A helpful tip: start with pools composed of stable tokens (like the TON/USDT pair). These pairs tend to have lower volatility and thus reduce risks while you learn how it works.

Step 4: Add liquidity to the pool

Choose the pool that interests you most. Prepare equal value amounts of the two tokens in the pair (e.g., $500 in TON and $500 in USDT). Click “Add Liquidity,” enter the amount of one asset, and the system will automatically calculate the exact amount of the other. Confirm the transaction in your wallet. Your assets are now in the pool, and you’ll start earning a share of the generated fees.

Step 5: Activate farming to maximize gains (optional)

To benefit from extra rewards, return to the pool section and click “Farm.” Confirm the transaction in your wallet (there will be a small activation fee). Your LP tokens (representing your position in the pool) will be staked, and you’ll begin receiving additional token rewards.

Step 6: Monitor and manage your position

In the pools or farming section, you can track your earnings in real time. At any moment, you can:

  • Claim farming rewards without withdrawing your initial liquidity
  • Fully withdraw your assets from the pool
  • Reinvest earnings to increase your position

Real Profitability: A Pool Investment Case Study

To illustrate how this works in practice, consider this scenario: you invest $1,000 in a TON/USDT pool, splitting $500 in each token.

The pool offers:

  • 6% APR from swap fees
  • 40% in farming rewards

In one year, your return would be:

  • $60 from swap fees (6% of $1,000)
  • $400 from additional rewards (40% of $1,000)
  • Total: $460, representing a 46% annual return

This projection can vary significantly depending on market conditions and current fee rates.

A personal perspective: About six months ago, I invested $1,000 in a TON/USDT pool on StoneFi. Although the APR was higher back then, even with the current 70% APR, it remains an attractive opportunity. Over six months, I earned:

  • $180 in farming rewards (18% of the invested amount)
  • Approximately $100 from the appreciation of TON’s price

Total passive income: $280 in just half a year.

Clear Benefits Versus Risks You Should Know

Advantages of providing liquidity:

  • Continuous income from fees and farming programs
  • User-friendly interfaces on major platforms, making it accessible for beginners
  • Opportunity to participate in the growth of an emerging ecosystem like TON
  • Flexibility to withdraw your assets at any time

Risks to be aware of:

  • Impermanent loss: If the price of one token in the pair changes drastically, your potential losses may outweigh the gains from fees. For example, if TON rises 50% while USDT stays stable, you might end up with fewer TON than if you simply held it.
  • Extreme volatility: In highly volatile markets, impermanent losses increase significantly. Pools with stable tokens reduce this risk.
  • Platform risk: Use only platforms with proven track records and security audits. StoneFi is established, but always compare with other options.
  • Technical risks: Contract bugs or security exploits, though rare, pose potential dangers.
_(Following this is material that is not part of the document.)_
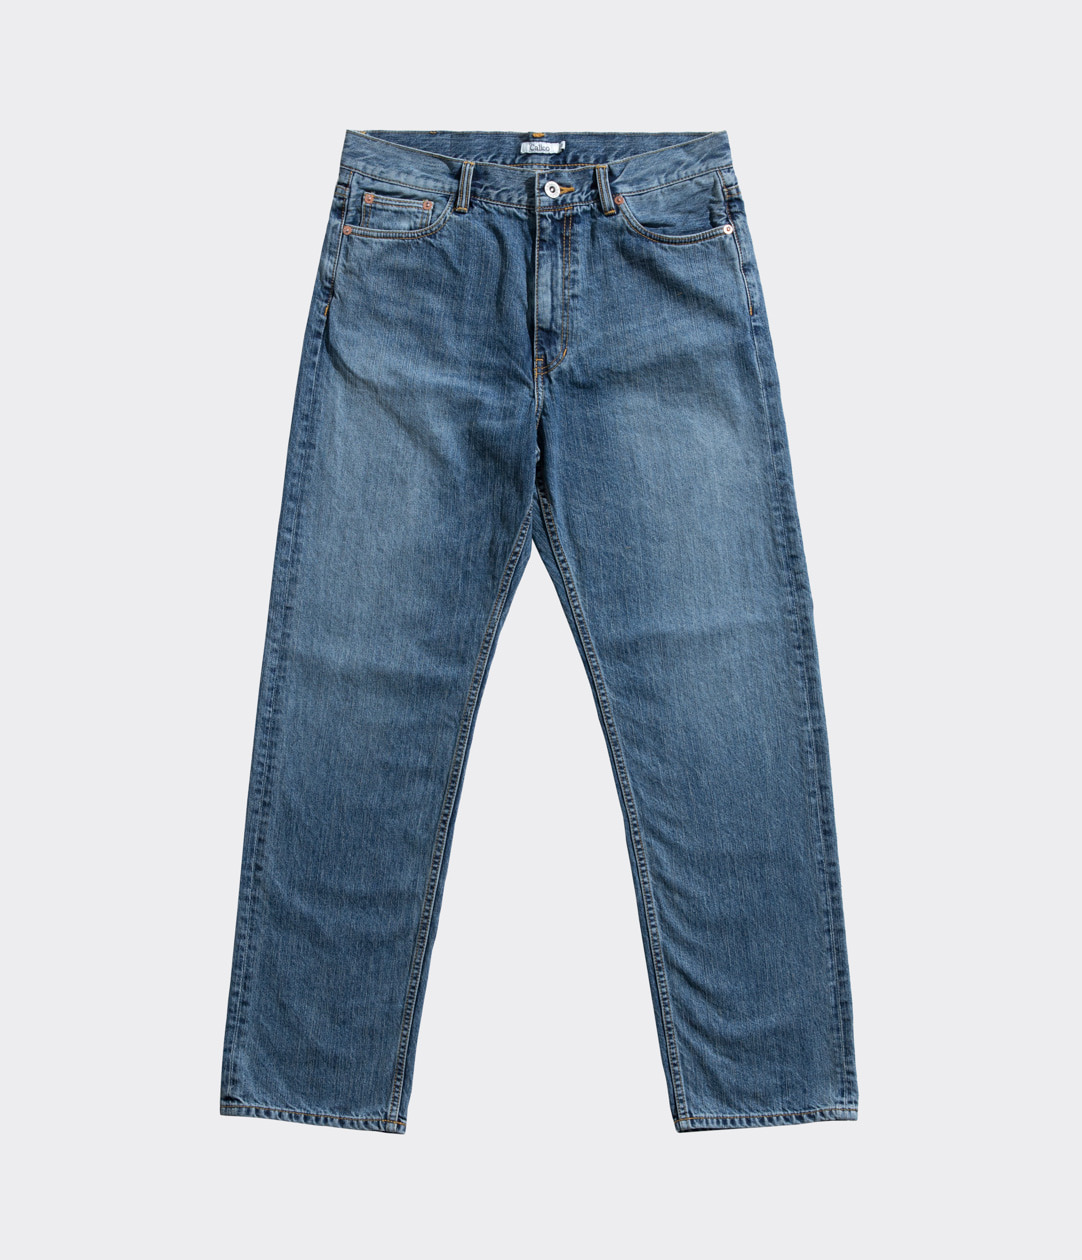 Calico Jeans 2.1/ Seaside Blue

Smart Strategy: Start Confidently, Minimize Risks

Getting started with safe liquidity pools involves making informed choices. Select pools with stable or low-volatility tokens. Begin with small investments while learning the mechanics. Diversify your investments across different pools to avoid dependence on a single income source. Keep an eye on changing opportunities, as new pools with better returns may appear.

Passive income via liquidity pools isn’t as complicated as it seems at first glance. With the right tools, proper information, and risk management, you can build a genuine income stream with your crypto assets. The key is choosing the right platform, pool, and strategy that align with your personal financial goals.